At CDCP (Cell-omics Data Coordinate Platform), we've introduced a powerful single-cell multi-sample joint analysis feature, making the exploration and interpretation of single-cell data more straightforward and intuitive. We're dedicated to providing a one-stop data collaborative analysis tool for researchers and analysts in various fields.
SingleR is an automatic annotation method for single-cell RNA sequencing (scRNAseq) data (Aran et al. 2019). Given a reference dataset of samples (single-cell or bulk) with known labels, it labels new cells from a test dataset based on similarity to the reference. Thus, the burden of manually interpreting clusters and defining marker genes only has to be done once, for the reference dataset, and this biological knowledge can be propagated to new datasets in an automated manner.
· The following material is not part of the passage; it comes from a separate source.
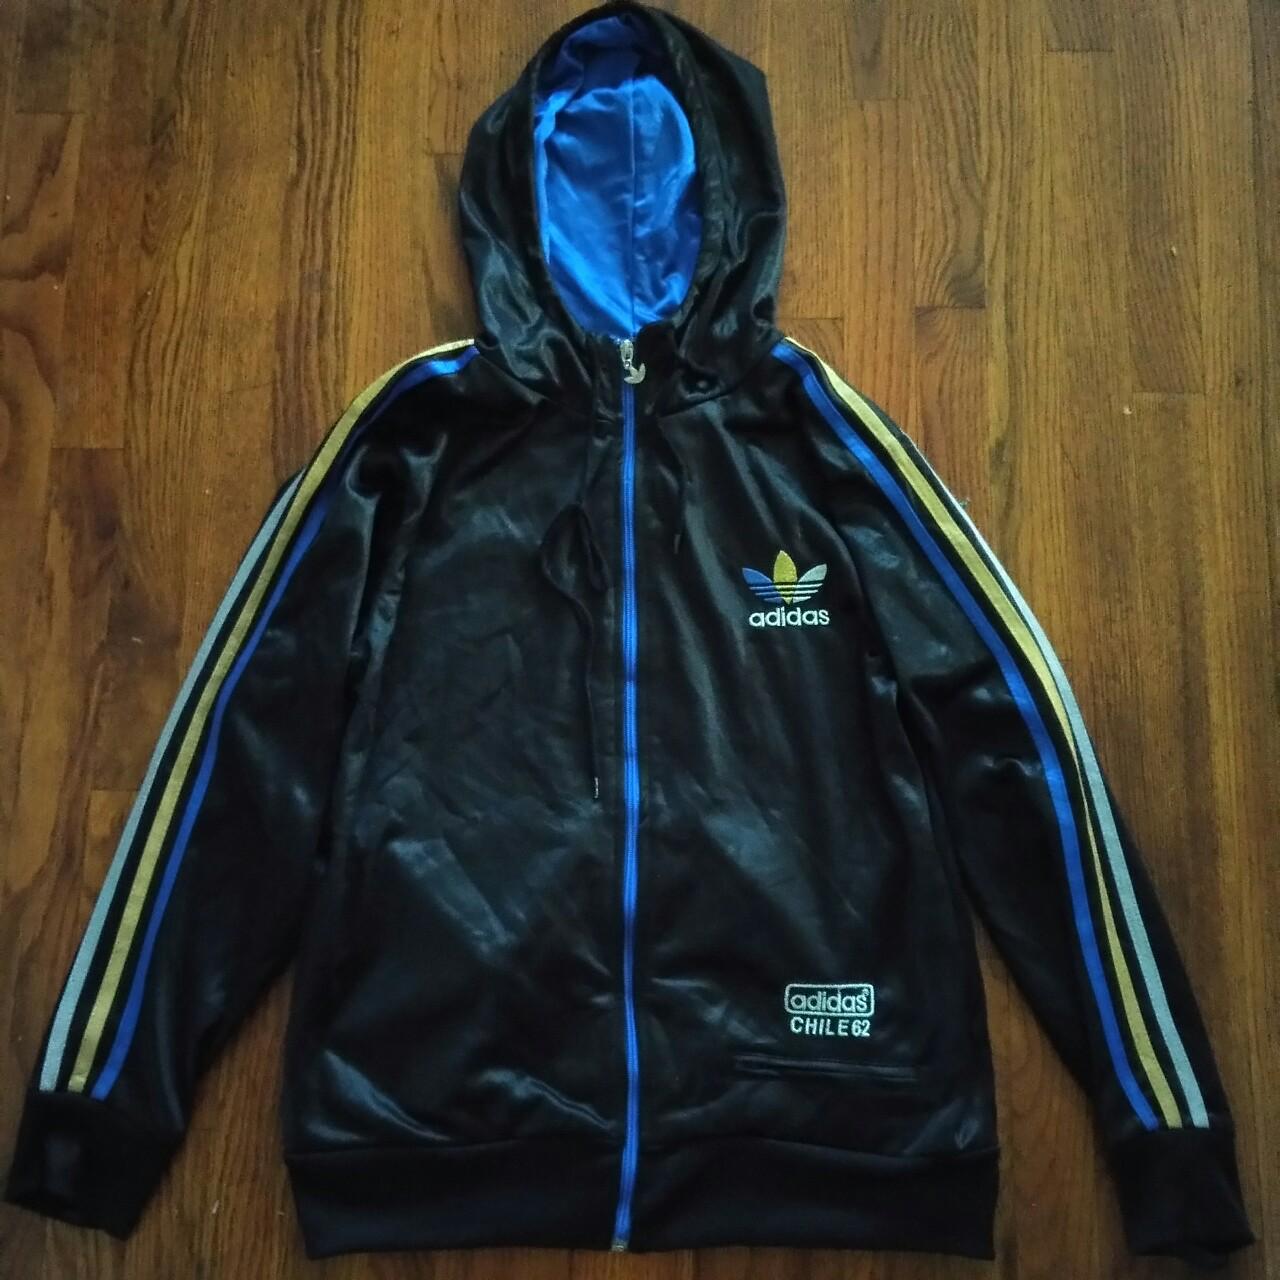 Intenso ensillar Calma Adidas Chile 62 track jacket with a hood. Featuring... - Depop

scMCA is a tool developed by Guo Guoji’s team based on single-cell gene expression to define mouse cell types. The basic computational approach involves constructing a reference system by averaging the expression values of 100 randomly sampled cells from known cell populations. The Pearson correlation coefficient is then calculated between the expression values of the test cell and the reference cell populations, and the cell population with the highest correlation is used as the basis for classification.
Tangram is a Python package based on scanpy, for mapping single-cell (or single-nucleus) gene expression data onto spatial gene expression data.
Scanpy is a commonly used and mainstream Python analysis toolkit for single-cell transcriptomics, used to analyze single-cell gene expression data combined with anndata. It includes preprocessing, visualization, clustering, trajectory inference, and differential expression testing. It can effectively handle datasets with over one million cells.